Summary and Analysis September 1977

 

Summary

Phoebe, Doro, and Caroline host a party. Phoebe has just been confirmed at church, Caroline and Al have been married for five years, and Doro is going away with her lover. Al comes home from work, and Caroline is overjoyed, waiting to tell him good news: Doro has given them her house. Phoebe says she wants a cat, but Caroline says they can’t get a cat because Doro is allergic.

That night Doro and Caroline say their goodbyes to each other. Al gives Caroline a small wooden heart he made, and Caroline hands him a house key as a way of telling him that the house is theirs. Al is apprehensive. He asks about Phoebe’s future, wondering whether she’ll ever live on her own. He also wonders about his and Caroline’s future: He feels claustrophobic imagining a lifetime in the house. For the first time, Caroline tells Al Phoebe’s origin story and adds that David Henry now wants to meet Phoebe.

Al leaves the next morning, and Phoebe and Caroline argue about getting a cat. Phoebe goes to the porch in the rain to eat breakfast. Minutes later, Caroline realizes that Phoebe has run away. Eventually Caroline finds Phoebe stuck in a large pipe where she’s gone to catch a friend’s kitten. The pipe is filling with rainwater, and Caroline pulls Phoebe out. Flustered because she almost lost her daughter, Caroline resolves not to write to David again.

Analysis

Up to this point, Caroline has been a model of compassion, always willing to turn life’s surprising tragedies into something better and always willing to see and adjust to others’ needs. In this chapter, however, she begins to slip into a mind-set of control that will complicate her life later. Now that Doro has given Caroline the house, she senses the possibility of living a “normal” life, being a “normal” mother, and this possibility tempts her toward the protectiveness we have seen in David, a longing to keep things from changing.
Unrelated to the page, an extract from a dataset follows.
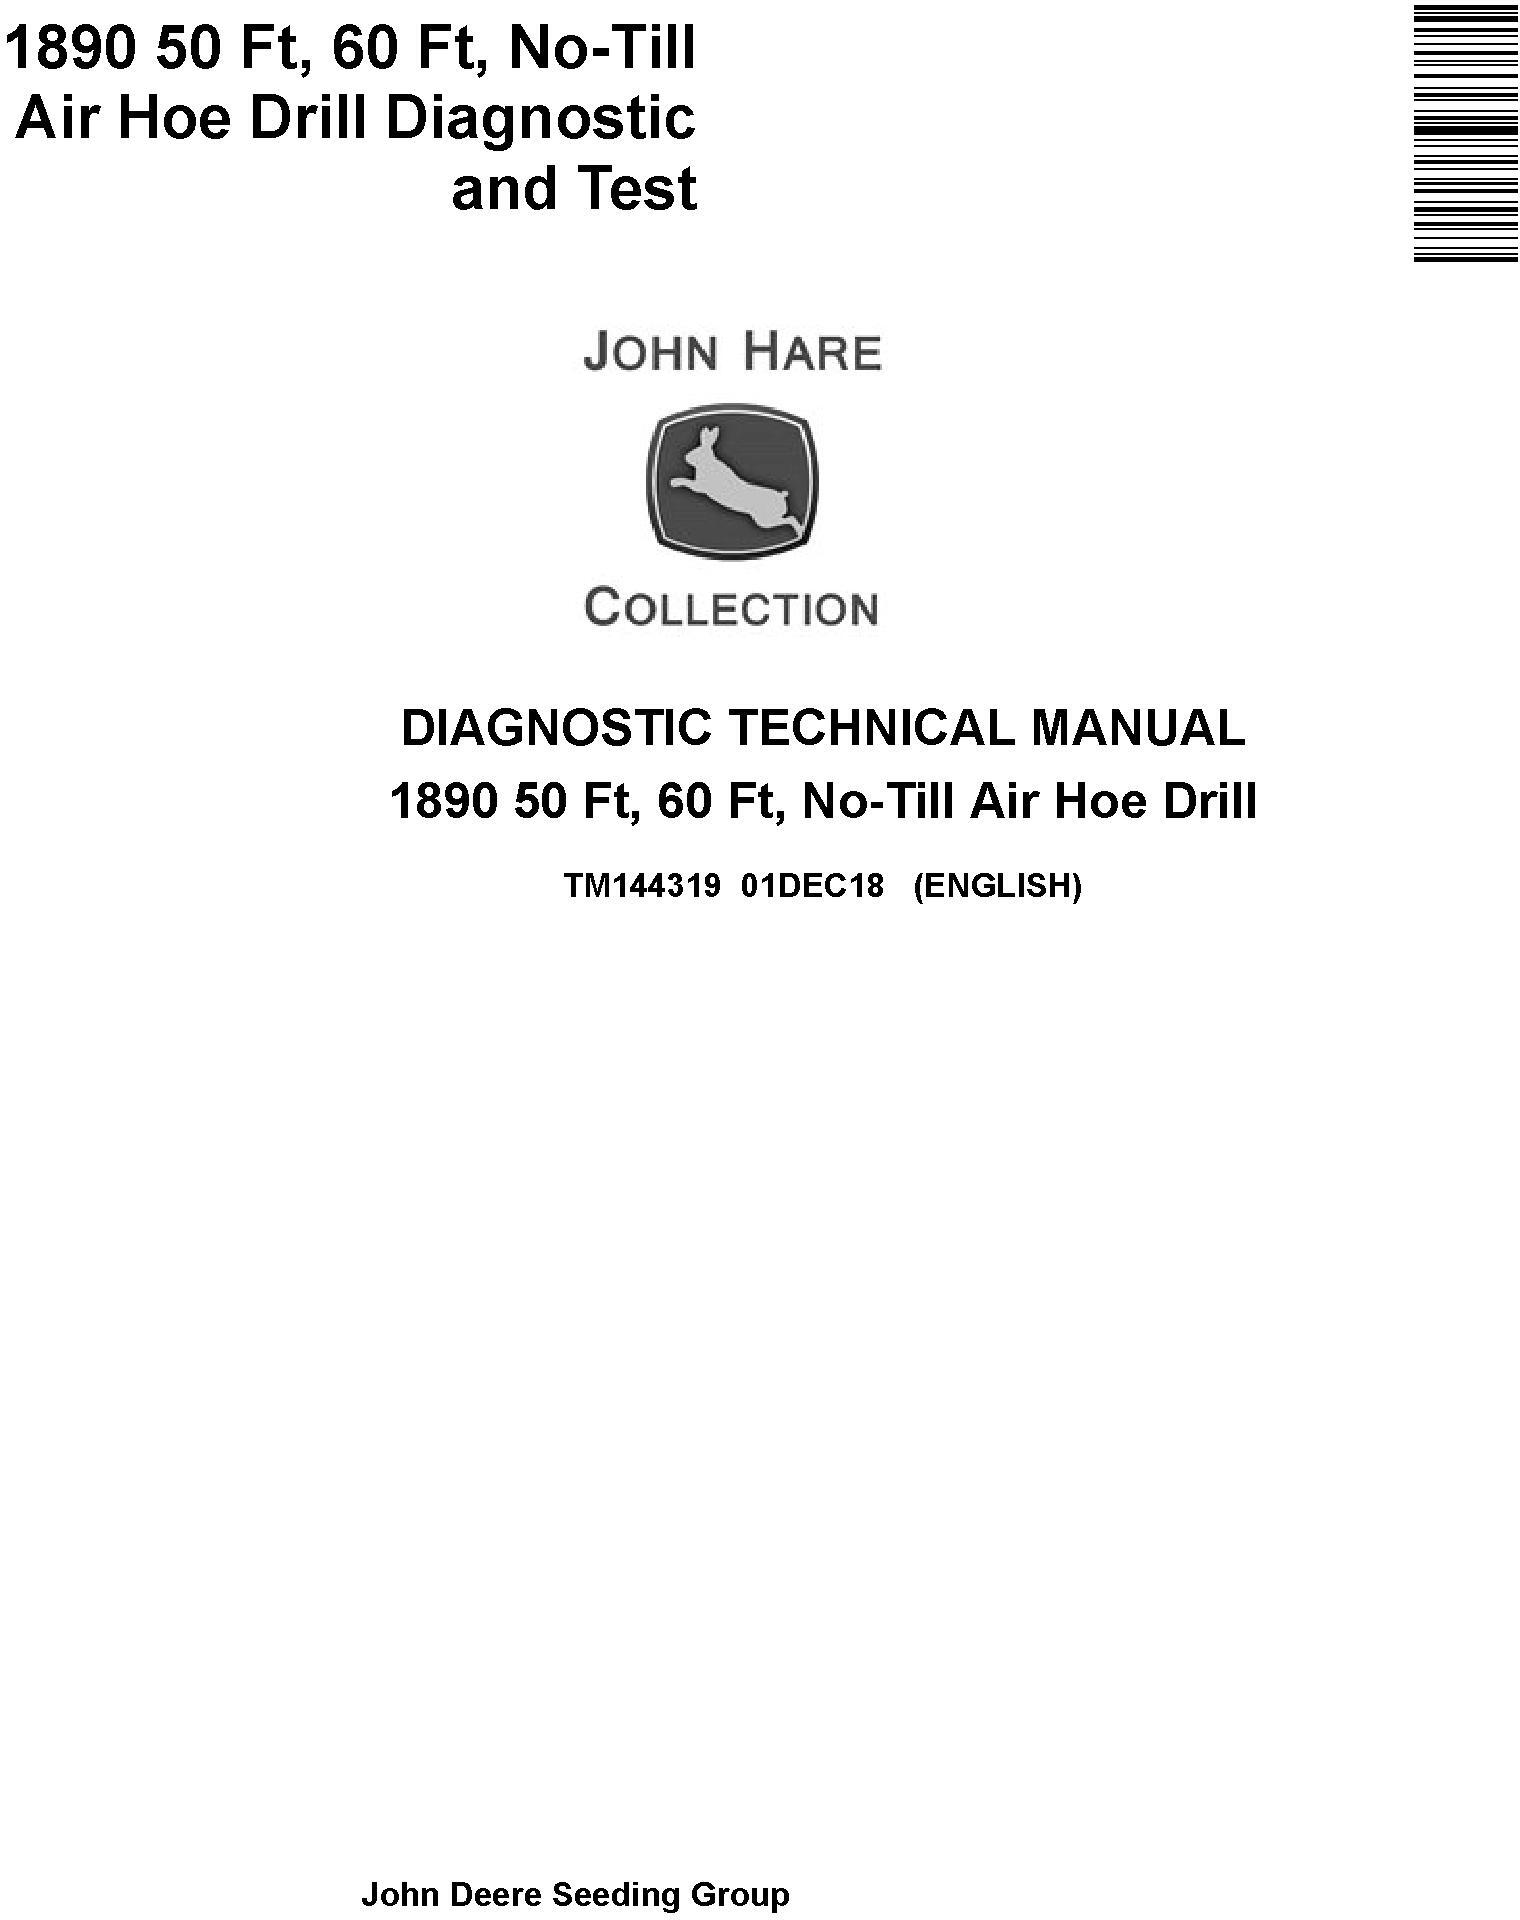 John Deere 1890 50 Ft 60 Ft No-Till Air Hoe Drill Diagnostic Test Manual TM144319

Caroline’s protectiveness expresses itself most strongly in her desire to keep Phoebe from becoming an adult. When Al asks about Phoebe’s future, Caroline responds, “She’s just a little girl.” And when Al hesitates at the thought of living in the house his whole life, Caroline says that she doesn’t want freedom like she used to. The woman who wanted to become a medical missionary now wants to be a housewife.

This chapter opens with happiness and tranquility but soon descends into the same kind of confusion that Paul experienced in the last chapter. Again the confusion is reflected in a mixing of water and bone imagery. Phoebe runs out into the rain seeking a kitten to love but almost drowns in the rising waters. When Caroline rescues her daughter, she sees her house as a “raft in the dangerous world.” She seeks something solid to protect her from the shifting power of water. As Caroline strokes the kitten’s “bony” head, she decides to stop communicating with David. Caroline has good reason to want stability and permanence after over a decade of wandering and scraping to get by, but the world doesn’t tend to give people stability, at least not for very long.